2. Razor Clams a la Plancha ($15) "The Augery of the Pan con Tomate" is never wrong. I'm just going to say it. First thing that came to mind. "Wow. I just ate grilled silly putty." Perhaps I was wrong to break my rule of not ordering seafood on Sunday and Monday?

5. Heirloom Tomatoes with Boquerones ($16) Sixteen bucks. Two tiny fillets of bland pseudo-boquerones. You do the math. I'll spend the rest of the night figuring out how much chutzpah you have to have to pass off this totally tasteless fish throttled by far-too-strong olive oil for the impossible marriage of sweet flesh and fish-oil that defines boquerones. Unripe, flavorless green tomatoes made one of their many many appearences in this dish. I'm bitter. I know boquerones. i love boquerones. These were no boquerones.

6. Hudson Valley Pork Croquetas with Green Tomatoes ($15) I'm not a croquette fan. Too reminiscent of all those Mrs. Paul's fishsticks my mom would foist on the babysitter to make when we were kids, but my compadres like them. I tried them. Meh. I will vent my wrath though, on the fact that they were served with a MUSTARDY/MAYO sauce. You cannot do that in a tapas/raciones place. You must think, "diverse, but cohesive."

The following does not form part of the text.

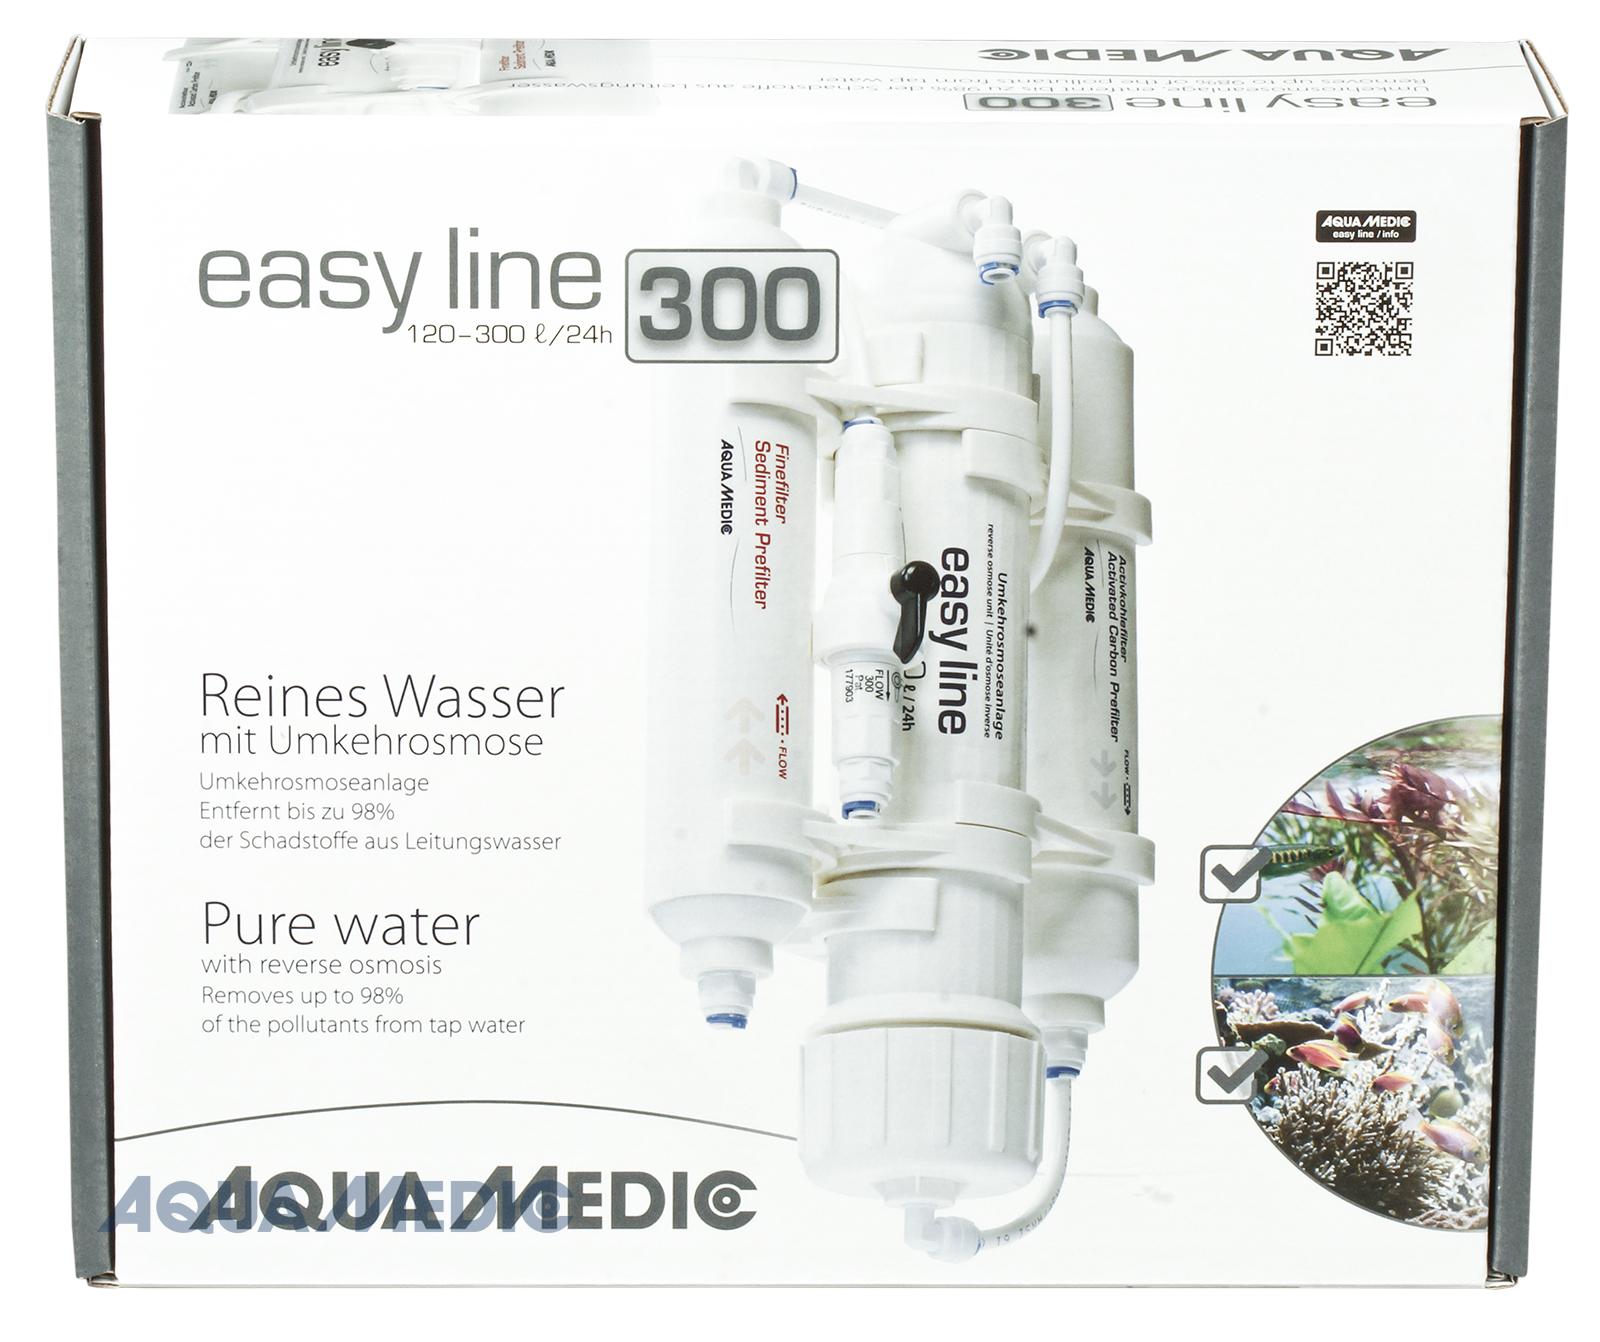 Aqua Medic easy line 300 plus

7. Lamb Ribs with Squash and Harissa ($19) This was truly awful. Awe-full. I was full of awe. How can you screw this up so badly? You screw up the harissa. If you like harissa, do not order this. If you like an incoherent mix of spices that will creepily remind you of the smell of WD 40, go right ahead.

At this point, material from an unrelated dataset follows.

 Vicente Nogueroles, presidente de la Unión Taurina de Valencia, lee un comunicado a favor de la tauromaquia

8. Patatas Bravas ($9) Take it from me, if you've had patatas bravas in any one of a thousand unpretentious and stunning tapas bars or restaurants from Barcelona to Sevilla and are jonesing for more, go to, bid low, and save yourself from this nightmare. These were, again, truly awful and unartfully presented to boot. Again wtih the WD 40. And to serve Casa Mono's overcooked and chewy potato in San Francisco would get you arrested, no-bond.

9. Chopitos with White Beans and Salsa de Tinta ($15) I looked forward second most to this dish, after the boquerones. It was described as small pieces of cuttlefish over a mash of white beans. Today is a Monday. Perhaps that explains the unmistakeably un-fresh taste and smell of the cuttlefish? The white beans were totally without taste. No garlic. No olive oil. No salt. I never tasted nothing before. Very zen.

10. House-Made Chorizo with Manchego Crujiente ($15) I didn't try this dish. Too scared by this point. Husband's take, "It was a ground meat patty, not a sausage and it tasted burnt."

My husband and I did enjoy an overpriced quorto (1.3333333 glasses) of a lovely Forjas del Salnés Leirana 2008 Rias Baixas Albariño for a whopping $25.

Finally, it was over.

I have never been so relieved, with the exception of Passover Seders hosted by Orthodox relatives, to have been done with a meal.

We tumbled out into the street and caught the first cab for Rice to Riches for some comfort food dessert, and were washed clean of the remnants of WD 40.

Casa Mono is not for people who like to eat good food, in a comfortable setting, that was prepared by people who care about it and you. I'm not sure who it's for. Certainly not anyone who loves Spain.